Published: April 12, 2011
The Antiques Dealers Association of America (ADA) presented its annual Award of Merit to Morrison H. Heckscher at the Philadelphia Antiques Show on April 9. Heckscher, the Lawrence A. Fleischman chairman of the American Wing at the Metropolitan Museum of Art, is the eleventh recipient of the prize, which honors distinguished contributions to the field of American art.
ADA dinner chairman Arthur Liverant and Lincoln Sander, the ADA’s executive director, organized the event, which drew 300 guests for dinner in a tented enclosure adjacent to the Navy Pier’s Cruise Terminal at Pier One, where the antiques show continued through April 12.
“Tonight the ADA is honoring a luminary in the American decorative arts,” began ADA president Judith Livingston Loto, welcoming guests to the evening of accolades.
ADA board member Elle Shushan and Carrie Rebora Barratt, associate director for collections and administration at the Metropolitan Museum of Art, introduced the evening’s speakers.
“Morrie is a cherished leader and great mentor, an agent provocateur and gifted diplomat,” said Barratt, former curator of American paintings and sculpture at the Met. She revealed that Heckscher, who is rarely seen professionally without a bow tie and has been known to chop wood in a Brooks Brothers shirt, enjoys his morning coffee and pastry in the Met’s basement café, a reliable place to catch the otherwise busy administrator.
Alice Cooney Frelinghuysen, the Met’s Anthony W. and Lulu C. Wang curator of American decorative arts, described bonding with Heckscher over their mutual “affection for an obscure part of the Maine coastline, Muscongus Bay,” a theme developed by keynote speaker Christopher Monkhouse, the chair and Eloise W. Martin curator of European decorative arts at the Art Institute of Chicago. Monkhouse has also preserved an early house in Maine.
“After 40 years, Morrie now has a water vehicle,” teased Frelinghuysen, describing the Louds Island retreat that Heckscher and his wife, physician Fenella Grieg, for years reached by rowboat or skiff. Modern plumbing was unknown on Louds before 2009.
The Vyne, the Heckschers’ Gothic Revival cottage in the Hudson River Valley, is similarly rustic, said Frelinghuysen, adding, “Morrie’s love of architecture has given him endless challenges and projects.”

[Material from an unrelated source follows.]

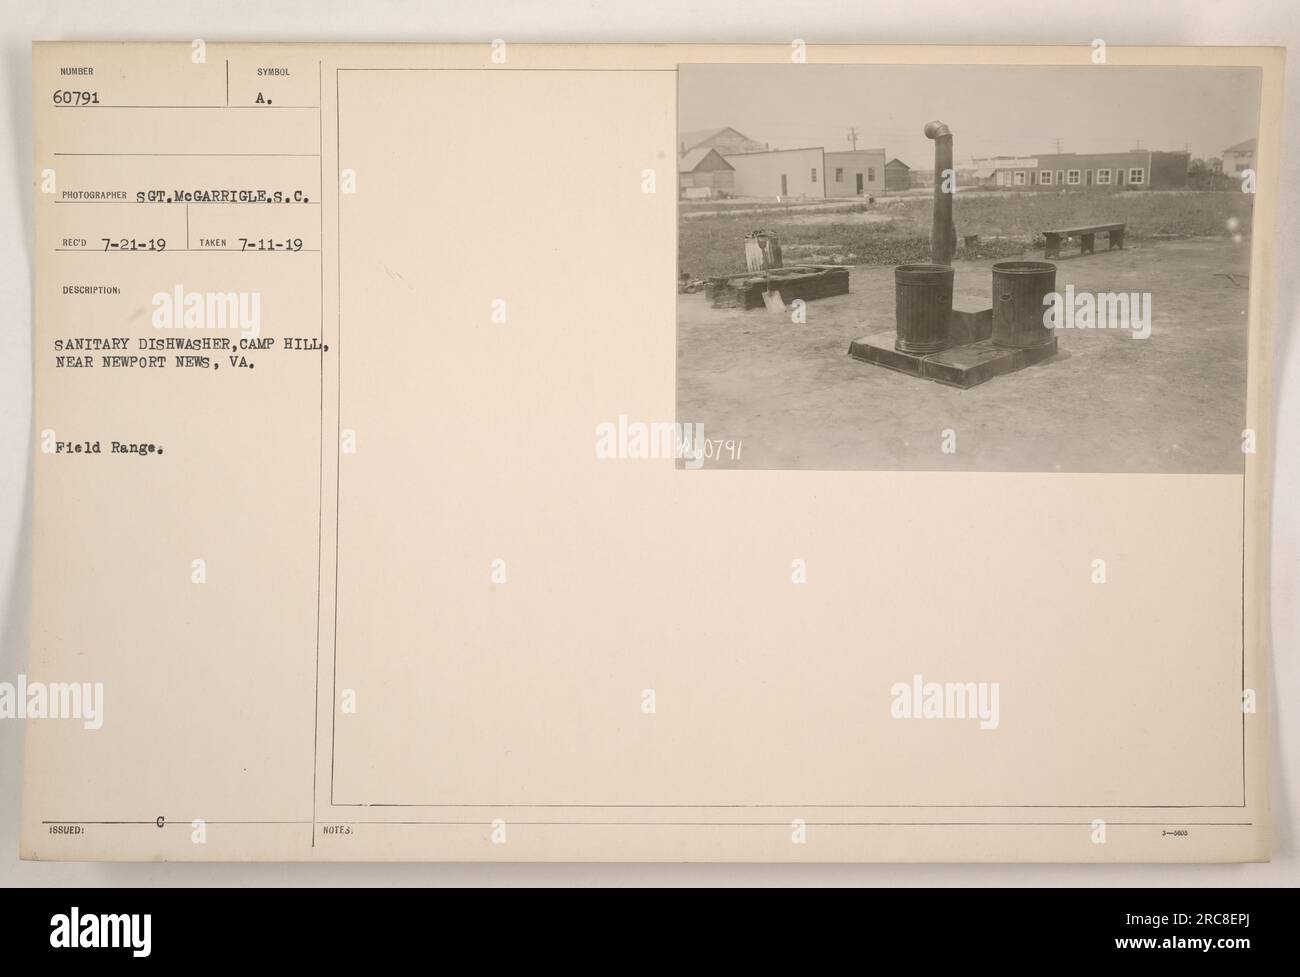 Photographie d'un camp militaire américain à Camp Hill, près de Newport News, Virginie pendant la première Guerre mondiale. L'image montre une plage de champ avec un lave-vaisselle sanitaire. Prise le 11 juillet 1919 et photographiée par SOT.MeGARRIGLE.S.C. avec le numéro de catalogue 60791. Banque D'Images

After reading a congratulatory letter from Tony and Lulu Wang, Frelinghuysen concluded, “No one more deserves to receive this award than Morrie. He is a favorite of us all.”
Monkhouse stepped to the podium to recall first meeting Heckscher in 1966 on the platform at Euston Station in central London. The longtime friends were headed to Attingham Summer School, an intensive program devoted to the study of British historic houses.
Monkhouse shared what he calls “the which way” photograph, a contemplative portrait of Heckscher admiring an English stately house in the distance. Heckscher, who did his doctoral work on the English architect and furniture designer William Kent, “never left his great love of England behind,” said his friend, detailing Heckscher’s many contributions to the scholarly literature on both sides of the Atlantic and his passion for collecting. Heckscher’s greatest acquisition for the Met is the Frank Lloyd Wright living room from the Little House in Minnesota.
When it was Heckscher’s time to speak, he said simply, “It is wonderful to receive this honor in a city I have always loved and remember from the late 1940s, when it was really still a Victorian city.” In a nod to the trade, Heckscher recalled that the first antiques dealer he met was Philip Bradley of Downingtown, Penn., whose son, also Philip Bradley, exhibits at the Philadelphia Antiques Show. Other dealers who made an impression on the young scholar were Joe Kindig, Ben and Cora Ginsburg, the Sack brothers and Zeke Liverant.
“The business we are in combines the retail trade, the love of private collectors and the passion of curators and scholars. It is one of the most rewarding professions imaginable. The work I have done is because of my colleagues. I thank them and my wife, Fenella,” he concluded.
Heckscher designated The Woodlands, a Federal mansion and arboretum on the western banks of the Schuylkill River in Philadelphia, as the recipient of the charitable donation the ADA will make in his honor. He acknowledged the work of Philip Price, Jr, and his family in saving the Federal structure.
Seven of ten past award winners attended the event. Past recipients of the prize are Albert Sack, Elinor Gordon, Wendell Garrett, Betty Ring, R. Scudder Smith, Satenig St Marie, Dean F. Failey, Joe Kindig, Philip Zea and Richard and Jane Nylander.